Advertisement

Traditional Rites Mark Vietnamese New Year

Share
Times Staff Writer

Vietnamese in the San Fernando Valley sang ballads about being away from home during the holiday and passed out red lucky-money envelopes Sunday to welcome the Year of the Snake.

The New Year’s celebration, or Tet, began last Monday with many of the Valley’s 15,000 Vietnamese residents meeting for family dinners and praying “for unification of the family, freedom of our country, and for the boat people who are in camps,” said Thanh Nguyen, 46, of Northridge. “You pray for the better,” he said.

The New Year is the most important Vietnamese holiday, said Hao Doan, coordinator of the Southeast Asian Community Center. “It’s a combination of the American Thanksgiving, New Year, Christmas and Happy Birthday,” he said. Traditionally, ages are counted on the New Year, not on one’s birthday, “so it’s happy birthday to all of the children and people,” he said.

Advertisement

At the Vietnamese Language School celebration in Reseda on Sunday morning, a yellow and red banner wished the 90 parents and children Cung Chuc Tan Xuan , or “Happy New Year.”

Four women, in elegant white traditional dresses, ao dai, plucked dan tranh, instruments similar to Japanese kotos. Another performer sang a ballad about a soldier who is spending the New Year on the front line and misses his mother. “When I hear that song, it makes me feel sad,” said Van Nguyen, who was a soldier and police officer in Vietnam and now works as a plumber.

After the children chimed wishes for longevity, luck and prosperity, they were given bright red li xi, lucky-money envelopes with $1 tucked inside. “It’s important to celebrate the New Year, so the youngsters understand it and so they learn how to wish the wishes like I used to do with my parents,” said Mai Nguyen, 30, a mother of three.

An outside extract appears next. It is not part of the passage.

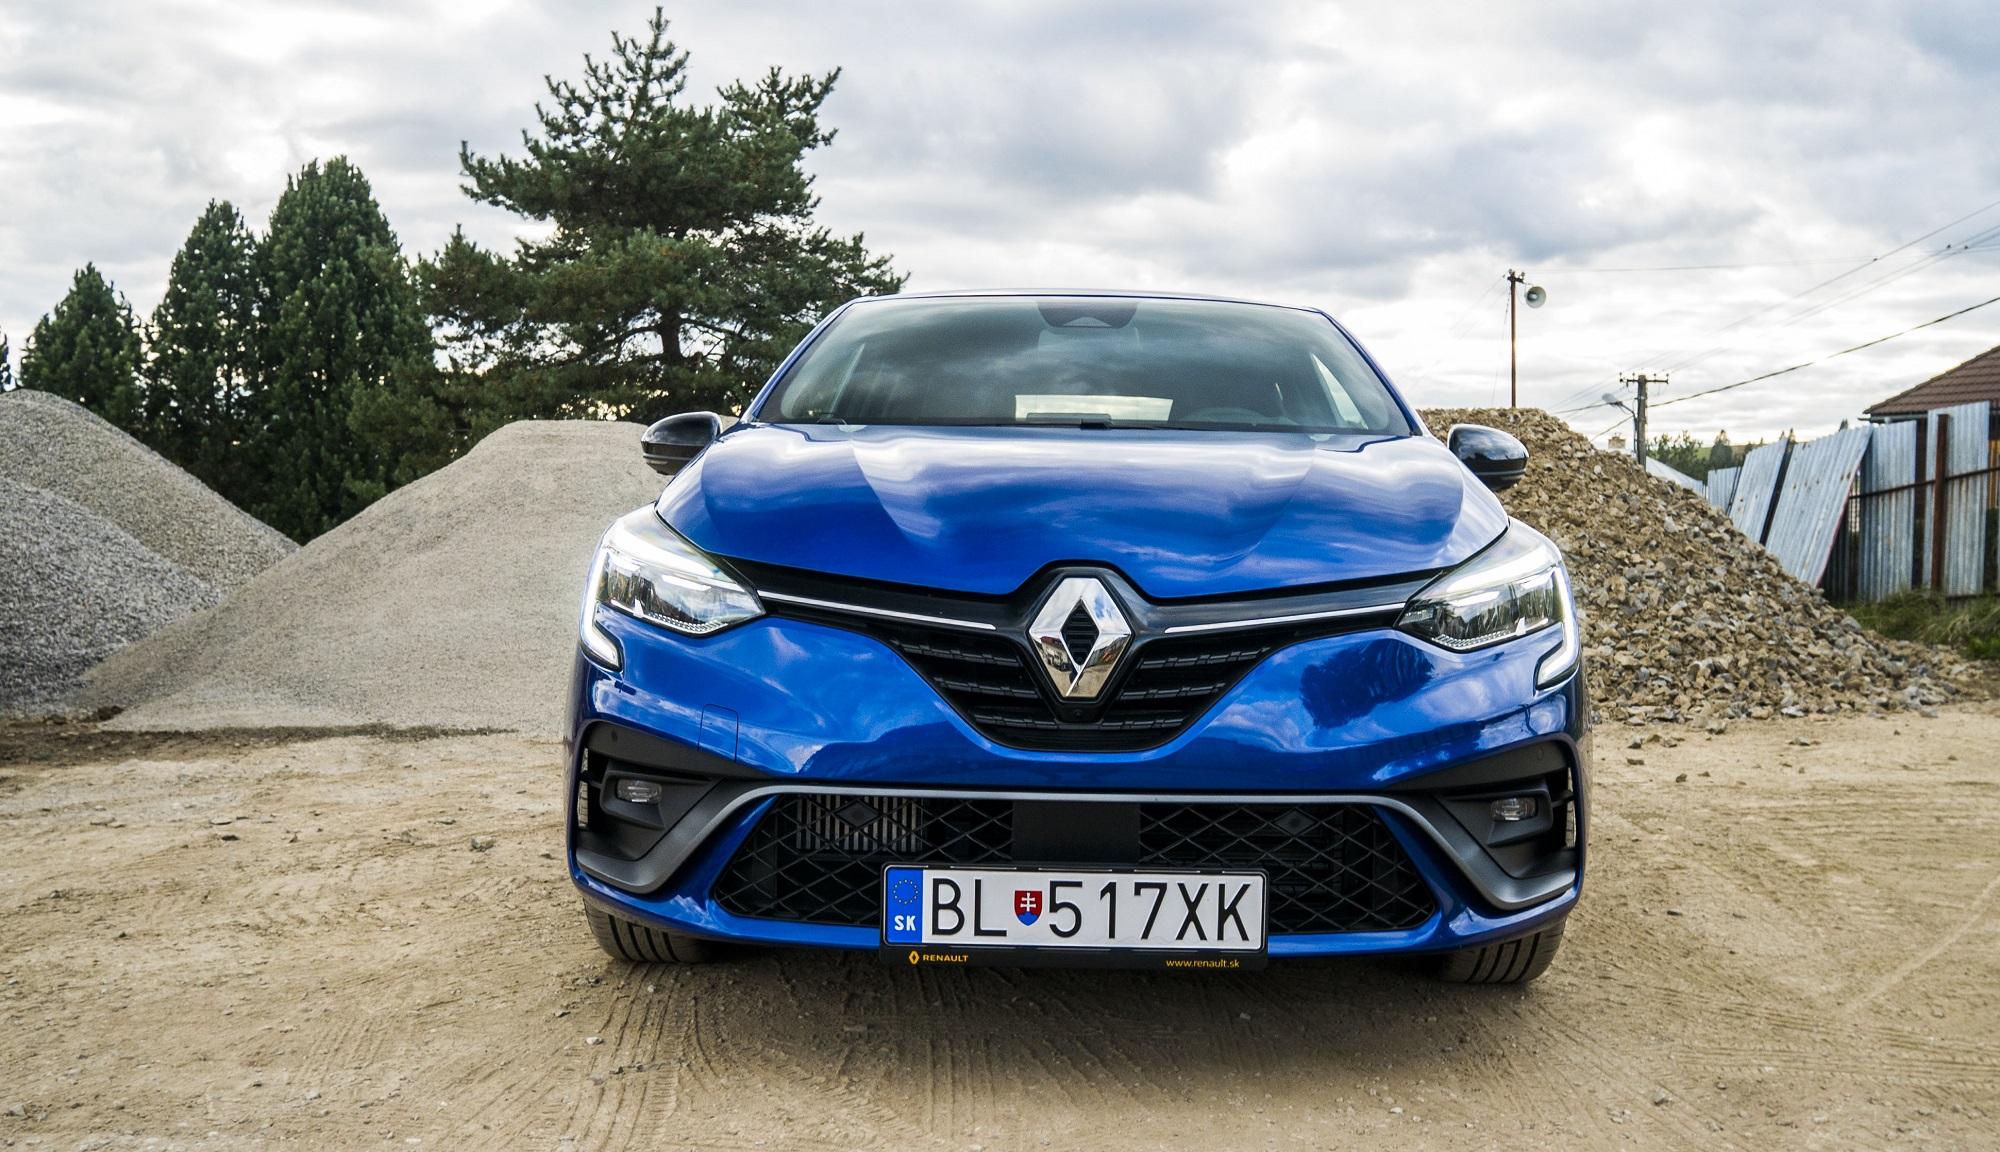 Francúzi kúpili v júni najviac áut a ťahajú Renault na čelo

In a variety show Sunday evening organized by Cal State Northridge Vietnamese students, there were modern and traditional Vietnamese songs and dances with a few American touches. The 300 people stood for both the American and South Vietnamese national anthems. A rock band of CSUN students played Vietnamese pop tunes and “La Bamba.”

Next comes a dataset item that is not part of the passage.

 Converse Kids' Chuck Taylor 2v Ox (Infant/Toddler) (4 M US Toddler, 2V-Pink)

Black and red dragons with pop-eyes and ferocious eyebrows and mouths were operated by students from Luezinger High School in Lawndale. They pranced up the aisles of Canoga Park’s John A. Sutter Junior High School Auditorium, leaped onto the stage, and rolled over like dogs to ward off evil spirits. People in the audience came up to offer the dragons money for good luck.

The New Year also is marked by wearing red, a lucky color, and eating sticky rice dyed red, dried yam, persimmon, pineapple, ginger and lotus seeds, and mut, a sweetened squash.

Traditional Foods

Families feast on banh chung and banh day, square and round pillows of sticky rice, pork and beans in bamboo leaves. Doan said the sticky rice packages have a story that goes back 4,000 years, when Hung Vuong, the first king of Vietnam, asked his sons to bring him something that would prove which one was worthy of succeeding him.

The winner, Lang Lieu, brought the cakes: the square symbolized the Earth and yang, the positive, masculine force. The round one symbolized yin, the negative, feminine element and the sky. And the rice inside represented the importance of agriculture in Vietnam.

Advertisement

Many of the Vietnamese New Year’s traditions are similar to the Chinese, Doan said.

In Vietnam, the holiday brought three days of vacation, trips to ancestors’ graves and visits with family and friends. “Here, we have to work on New Year’s,” Phi Khuong of Sepulveda said with a laugh.

“It’s nothing compared to what we do in Vietnam,” said Thanh Vu, president of the Vietnamese Student Assn. at CSUN.